Just have a separate basket/bag/place for things that don't belong in the normal wash!! I don't think this is a DH problem so much as a complete lack of common sense. After the first time (it's now happened 4 times!!), you'd thing OP would have kept anything she wanted to wash separately.. separate!

WheretheFishesareFrightening · 30/03/2026 12:56

You’re annoyed because they’re not really replaceable, and so it’s not really fair to expect him to replace them.

I get it, because I do the same, but DH and I have always been clear that if either of us buys hard to wash items then the person who buys it assumes full responsibility.
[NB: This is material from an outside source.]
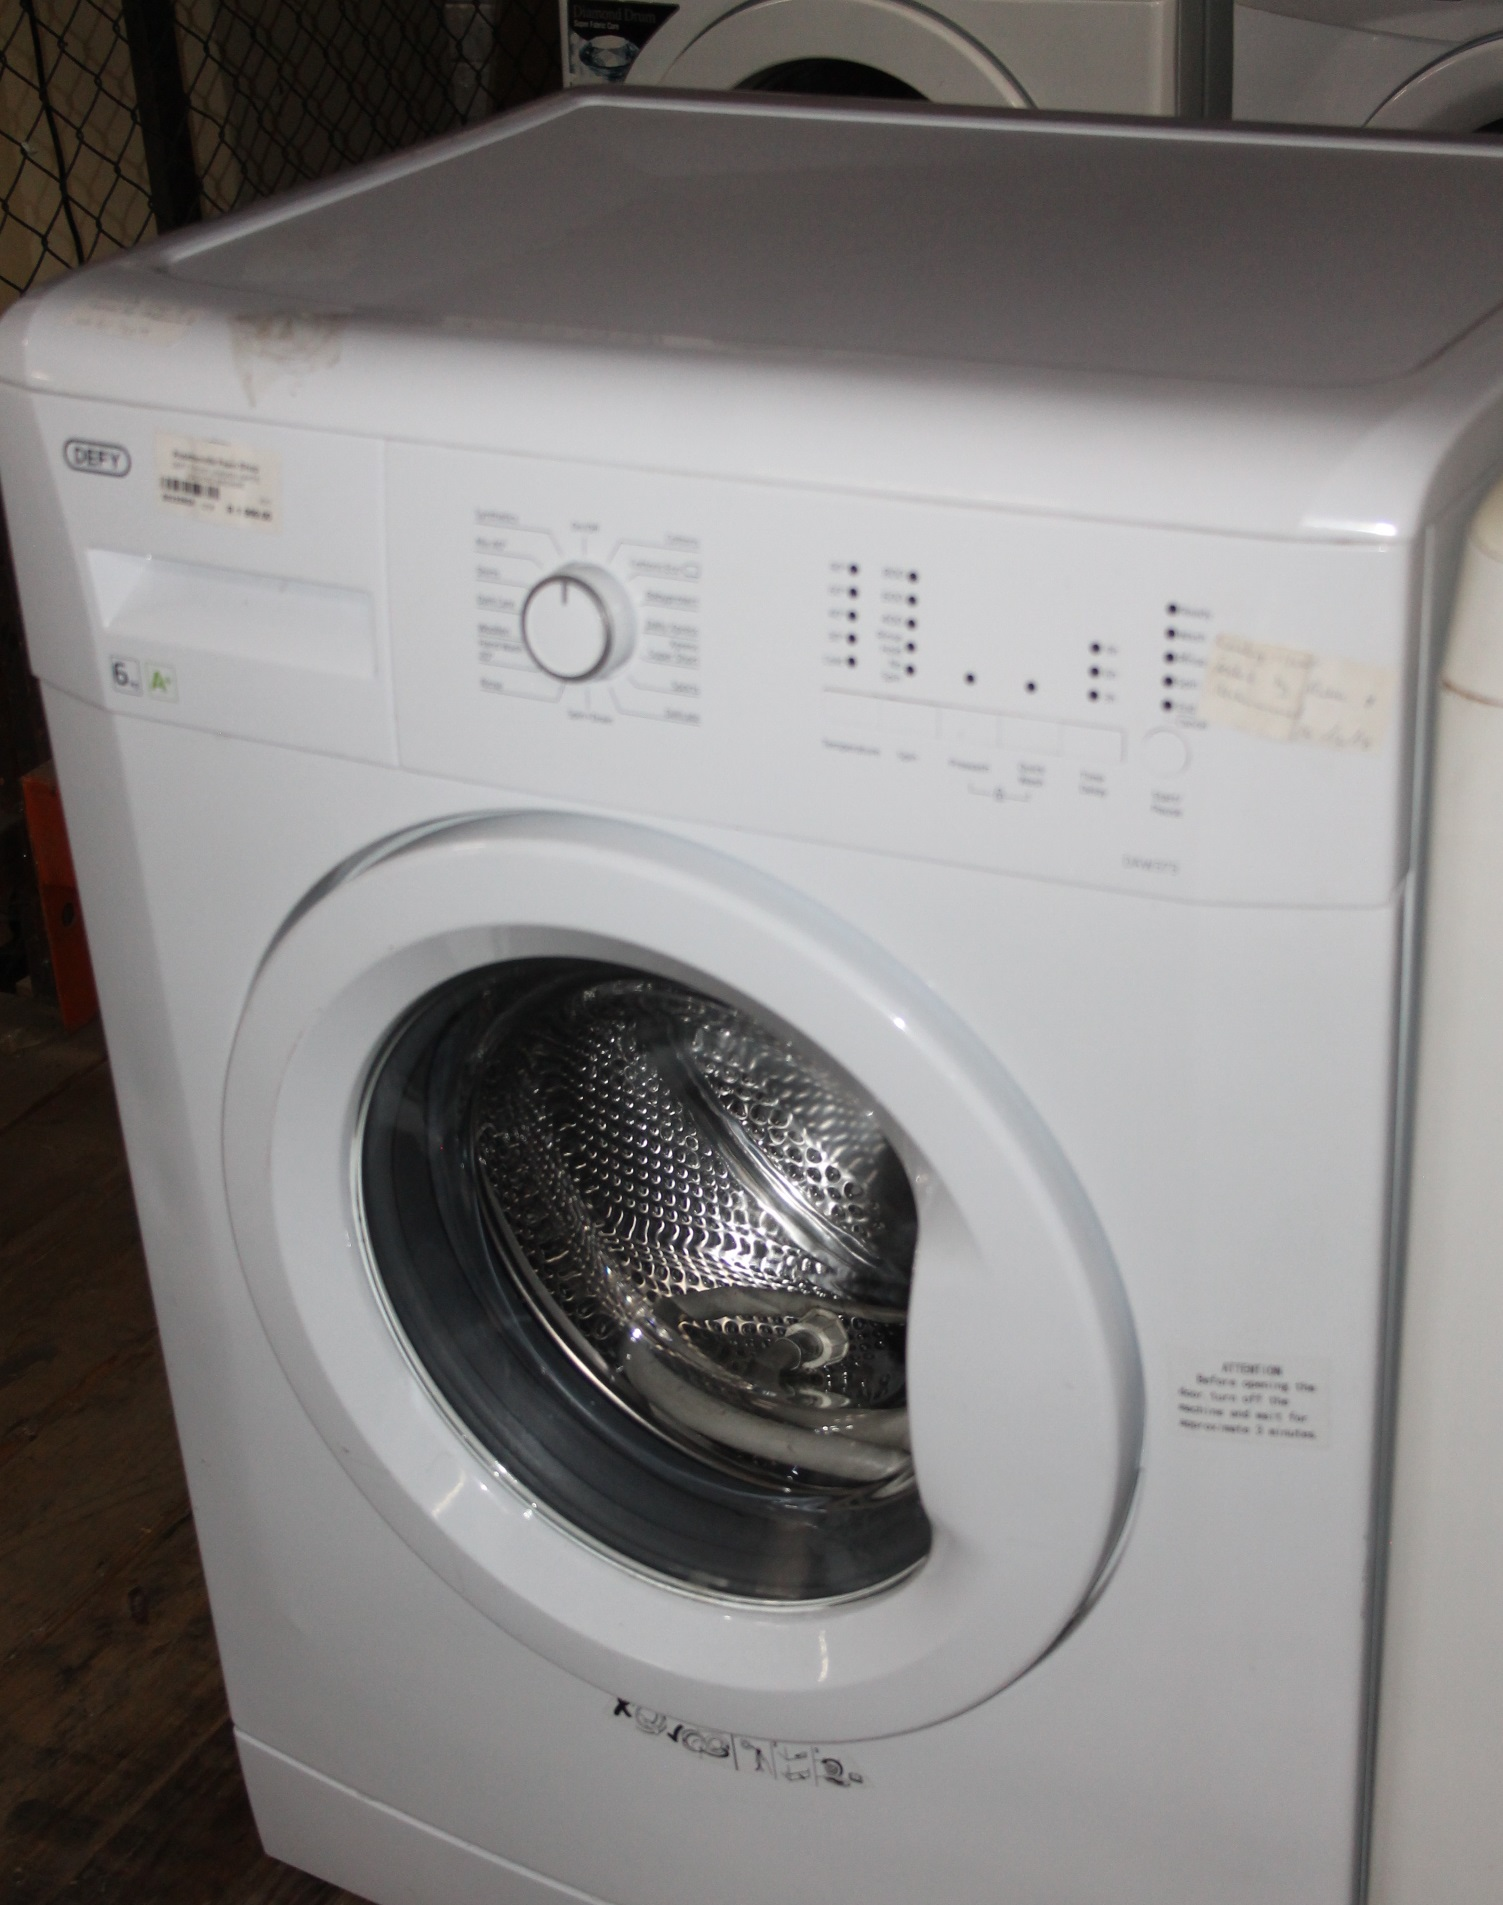 Defy front loader white washing machine S032382A #Rosettenvillepawnshop
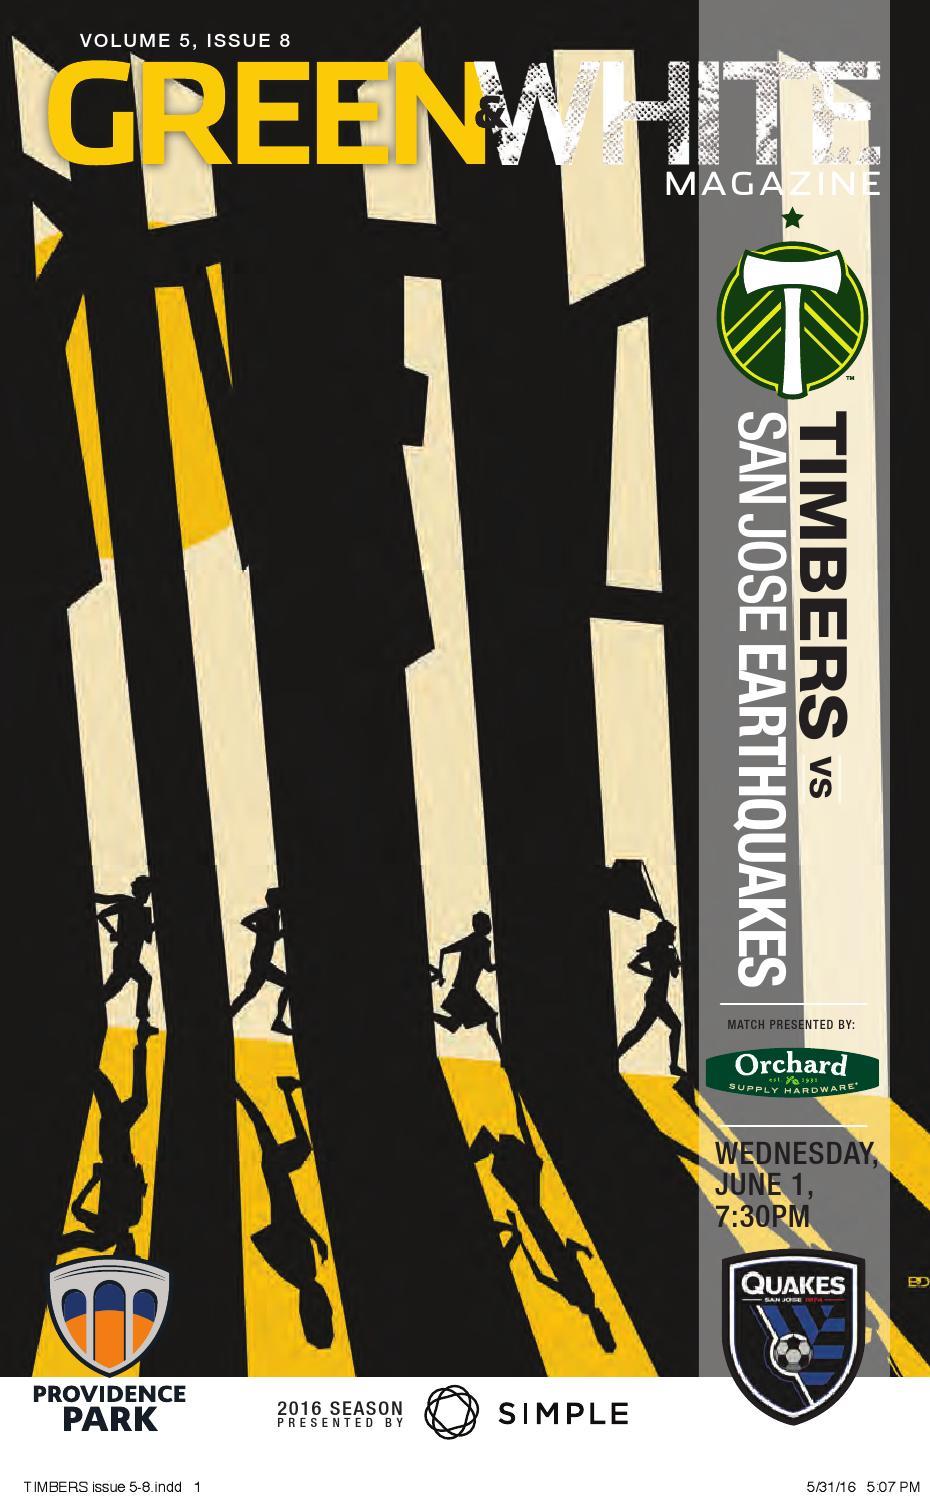 Captain Jack Lounge Stoel.Green White Magazine Portland Timbers Vs San Jose Earthquakes

And that includes not putting them in the usual laundry basket because I’m not willing to look through every item to check what’s delicate or not, the point of our laundry basket is it just all gets thrown in the wash (we have 4 baskets for coloured, dark, light and towels so it’s pre sorted).

I keep a separate wash bag of delicates that I was together when it gets full enough. I’d be annoyed if DH ruined them in the wash, but more so at myself. If he washed my delicates load inappropriately then I’d be livid at him, but he wouldn’t do that, it’s not his job or responsibility. His delicates are all dry clean only, so he also keeps those separate and takes them to the dry cleaner as required.

Blondeshavemorefun · 30/03/2026 12:56

Seperate washing baskets and also seperate private own spending accounts that both have same amount each month

he saves and buys you a new one out of his money

I get why you don’t want your money paying for it out of joint account as it’s not him personally paying for it

2026tricks · 30/03/2026 12:57

I think you were mad to have just thrown it in the laundry given his form. I know you warned him but I wouldn’t have risked it.

Suggesting he goes to TK Max and tries to find a replacement is just punishing him. He looked online, he found a replacement, you declined to spend that much.